Classiq’s core IP is its quantum circuit compilation algorithms. Quantum Art’s is its image processing methods. Both are valuable in theory, but they depend entirely on quantum hardware that is still too noisy and error-prone for practical use. The most advanced quantum processors (IBM’s Condor) have over 1,000 qubits, but logical qubits—the ones that can actually compute—are still zero. The platform is built on a foundation that doesn’t yet exist.

Where code meets cultural memory… Crypto Briefing, a crypto-focused outlet, broke the story. That’s a signal. The capital flows driving this SPAC are the same ones that chased ICOs, NFTs, and DeFi. Fear of missing out on the next paradigm shift. But quantum computing is not crypto. It doesn’t have a liquid token, a community of speculators, or a 24/7 market. The SPAC is the only liquidity event—and it’s a one-way door.

Contrarian: The consensus says “quantum is inevitable.” I agree—but inevitability does not imply investability. The consensus also says this merger creates a “Western quantum platform” that can compete with Chinese initiatives like Origin Quantum.

The audit trail never lies… Look at the financials. The combined entity will likely burn cash at $200M+ per year. The SPAC trust provides a runway of 2–3 years. If quantum hardware doesn’t hit a major inflection by then, the company will need another capital raise at a down round—or dissolve. The De-SPAC process is brutal: shareholders can redeem their shares, draining the trust. IonQ, a comparable SPAC-quantum play, saw its market cap drop from $2B to ~$600M within a year.

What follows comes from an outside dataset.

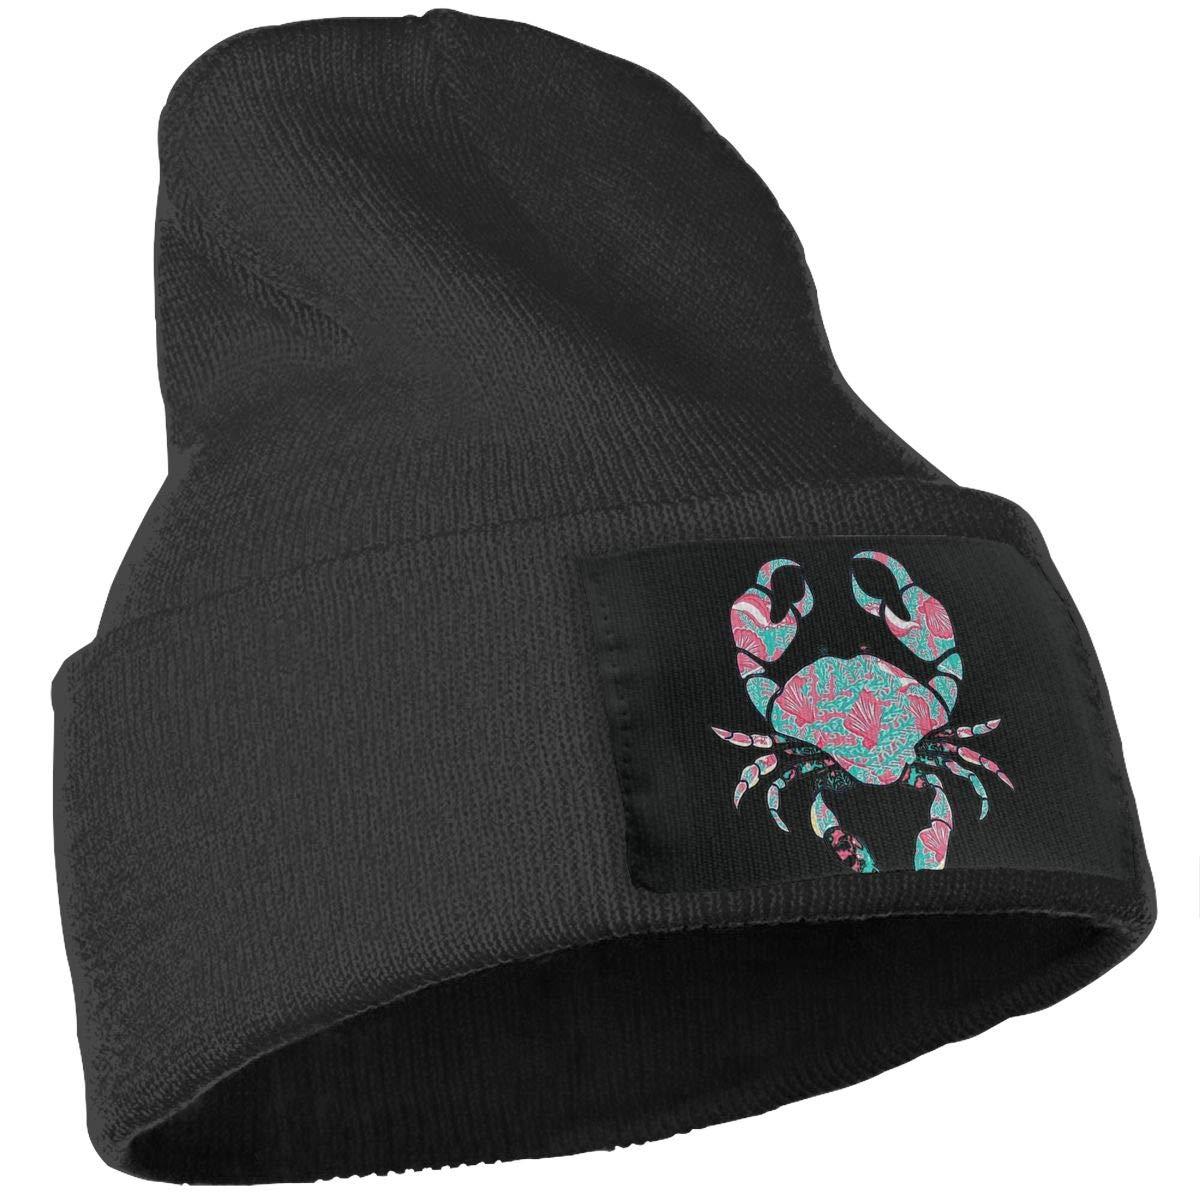 SLADDD1 Crab Warm Winter Hat Knit Beanie Skull Cap Cuff Beanie Hat Winter Hats for Men /& Women

Moreover, both firms are heavily reliant on partnerships with hardware makers like IBM and Google. If those giants decide to build their own closed software stacks, Classiq and Quantum Art become irrelevant. The dependency is asymmetric: they need the hardware, but the hardware doesn’t need them.

Takeaway

This SPAC is a narrative gamble dressed in technical jargon. The real question is not whether quantum computing will change the world—it will, eventually. The question is whether these two companies will survive long enough to see that change.

Unspooling the knot of innovation… We are watching a classic pattern: a bold vision, a pile of capital, and a risky timeline. The market is betting that the quantum dream yields before the burn rate consumes the trust. Based on my experience auditing DeFi’s “infinite yield” narratives, I’d check the fine print on the SPAC’s earnout clauses. The code is clean, but the narrative is accumulating debt.

This article is for informational purposes only and does not constitute investment advice. The author holds no position in any quantum computing firms.